People in higher education are usually expected not only to transmit knowledge but to produce new knowledge, at least at high-prestige research institutions. This is the case certainly at all of the most elite institutions, where faculty are expected to be teacher-scholars. This is true even for administrators, despite the need for entirely different skills in order to lead institutions.
The currency of academic renown is recognition, crudely measured by citation indexes.
As such, it is rather shocking for the academic leader of Harvard University, one of the most illustrious institutions of higher education in the world, arguably, to get her citations wrong. It doesn’t seem deliberate, but it is careless.
Giving credit is not only a technical requirement. I see it, as Europeans do, as a moral matter. Authors and other creators have moral rights. Those who care about their obligations to others should bend over backward to get it right, not because they are afraid of being caught, but because scholarship is a huge network and we are given the gift of others’ work. We repay it not only by buying their books and articles, but with gratitude and acknowledgment. This is not only a matter of professional ethics, but of how we see ourselves benefiting from the hard, often-unrewarded work of others. (Scholars rarely make much money directly from their writing; at best, this contributes to their earning of the ever rarer tenure and promotion.)

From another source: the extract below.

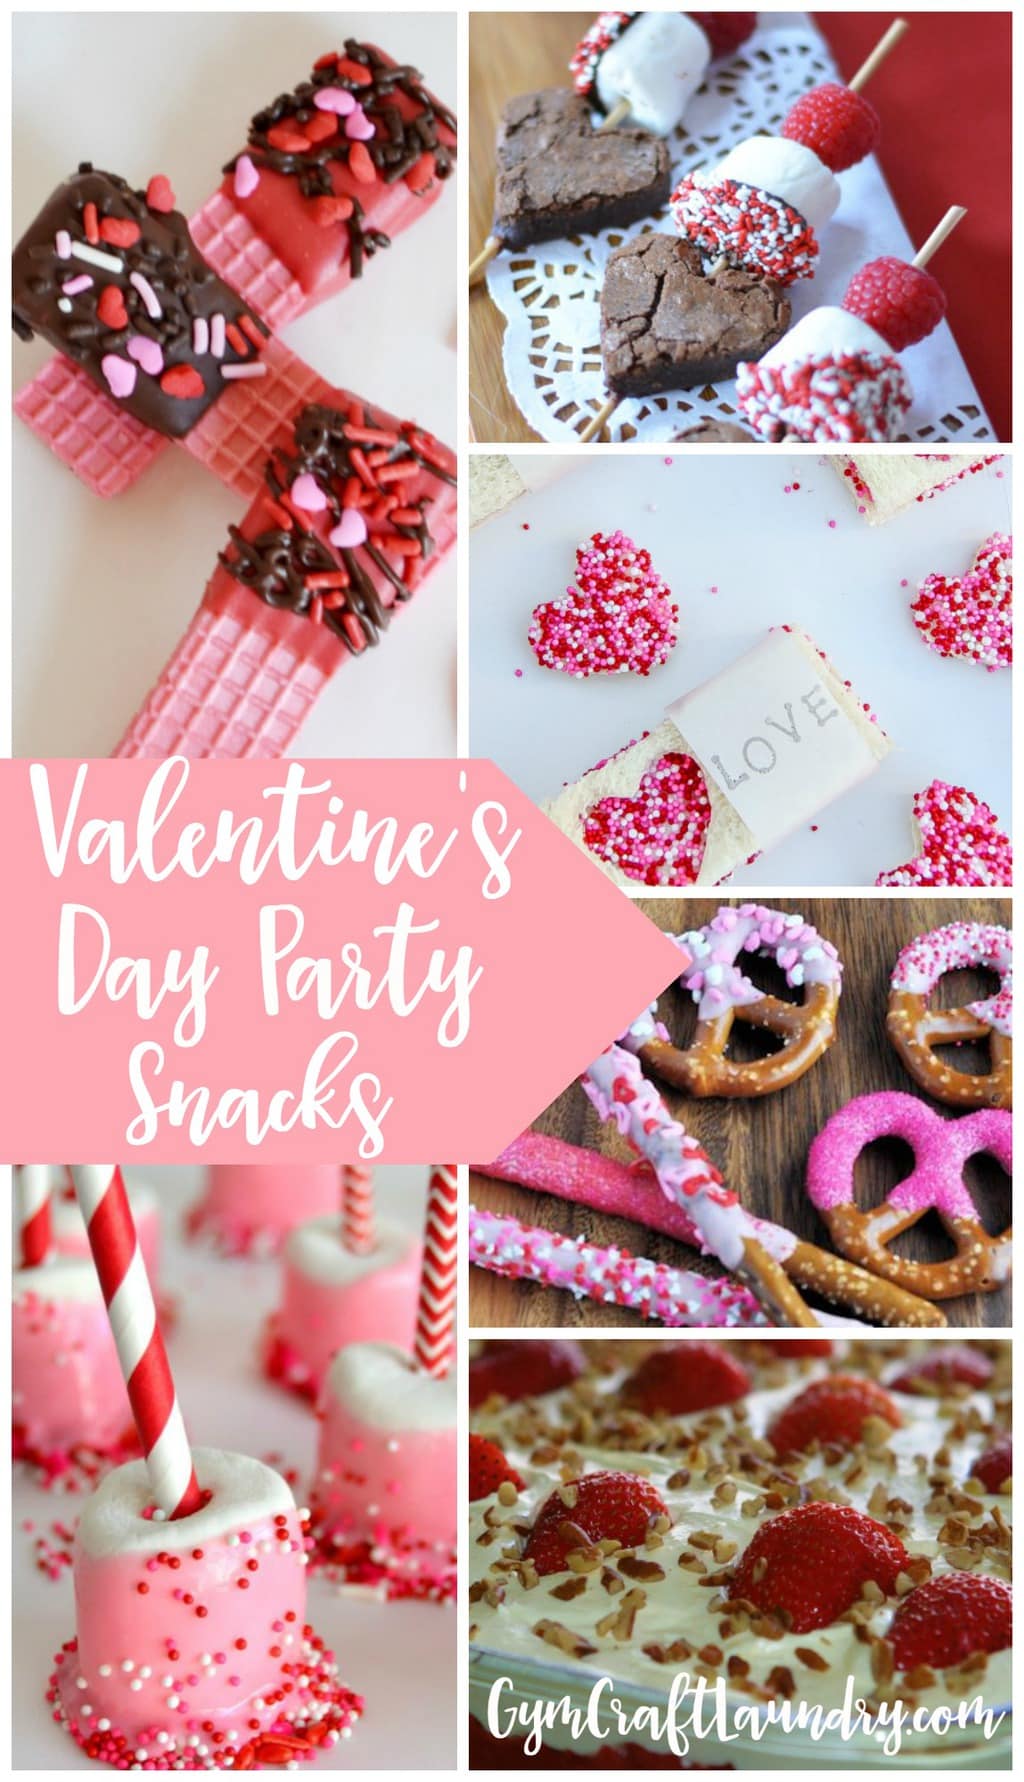 Valentine's Day Party Snacks to wow your guests

In Jewish texts, “giving credit where credit is due” is seen as a sacred obligation. According to Rabbi Ari Enkin, “The Talmud teaches that whoever reports something in the name of the one they heard it from brings redemption to the world.”
As we look around at all the newfound examples of plagiarism, excusing some and vilifying others, I’d like to plead instead for the moral and ethical imperative to try our best to be careful, to honor others for their life’s work, to trace their words—when we know, when we can—with awe and dignity. Not so we won’t get caught. Not because a mechanical service might flag our work.

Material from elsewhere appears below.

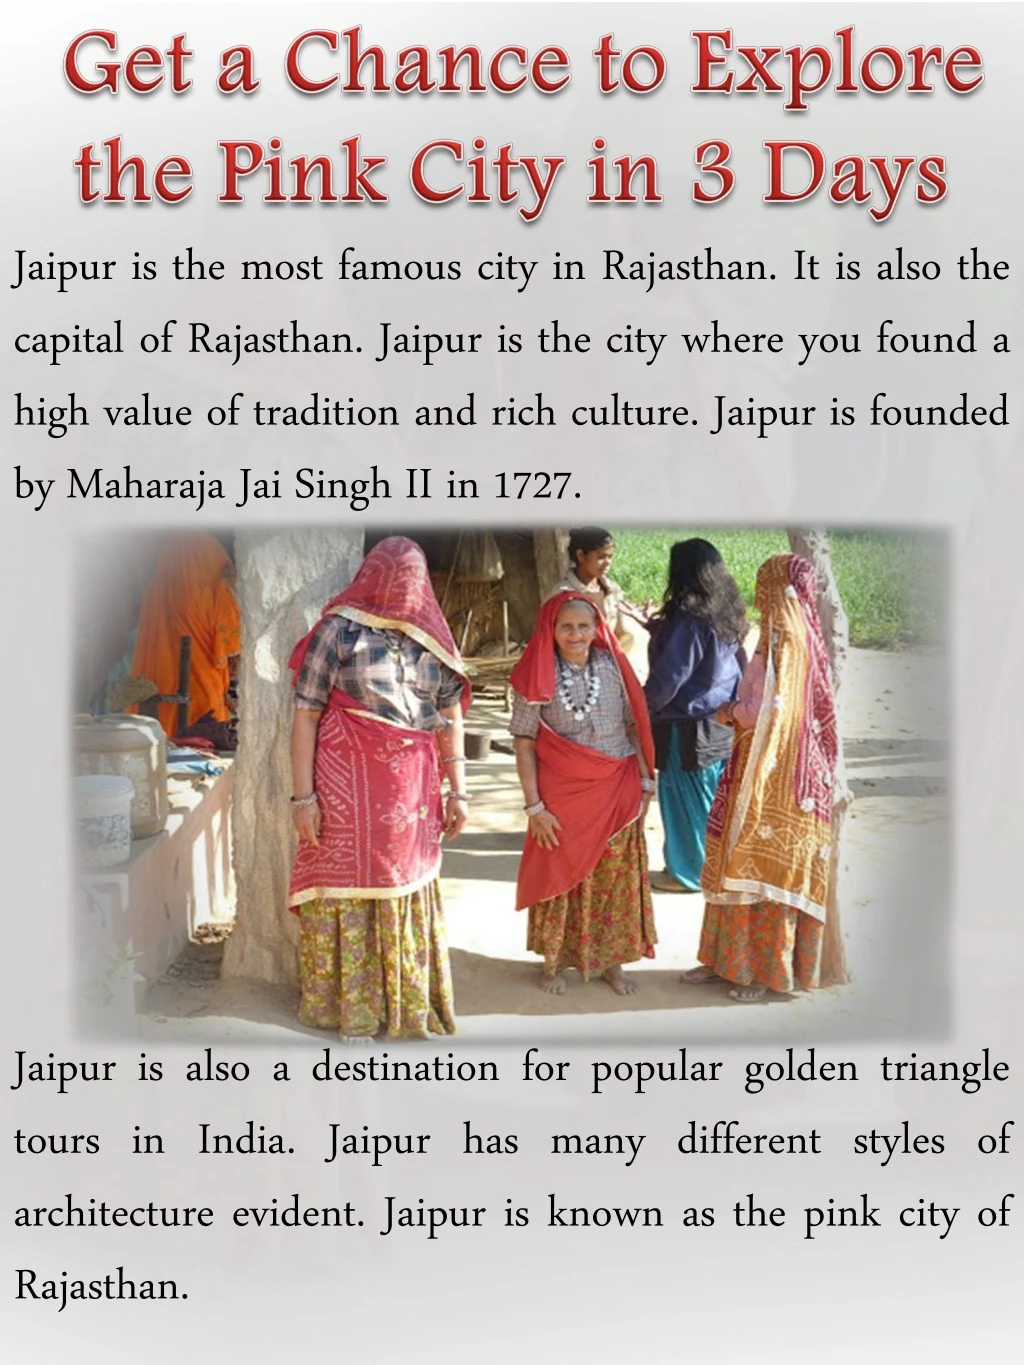 jaipur is the most famous city in rajasthan

But because it’s the right thing to do.
The case I’m making is that we examine the virtue, the morality, of citing. Creative Commons supports voluntary sharing of people’s intellectual property; most levels of their licenses include the requirement that the creator receive attribution. Whether you are quoting, reusing, satirizing or remixing, the idea that people are offering their words and ideas freely does not absolve the user from acknowledging the gift.
Resorting to hair-splitting discussions of the letter of the law has its place. But idealistically, in the realm of academic writing and citation, I’d like to urge a reconsideration of the spirit of the law, or more precisely, the norms, which stem from recognition of the precious labor of fellows. You don’t have to cite every influence, every source of inspiration, as I try to do (the sources in my new book run to nearly 14,000 words). But when we benefit from others’ work, words or ideas, we should honor them. Not for fear of detection. Not for fear of punishment. But because we embrace the central imperative to honor our fellow humans.
We should give them all the credit we can.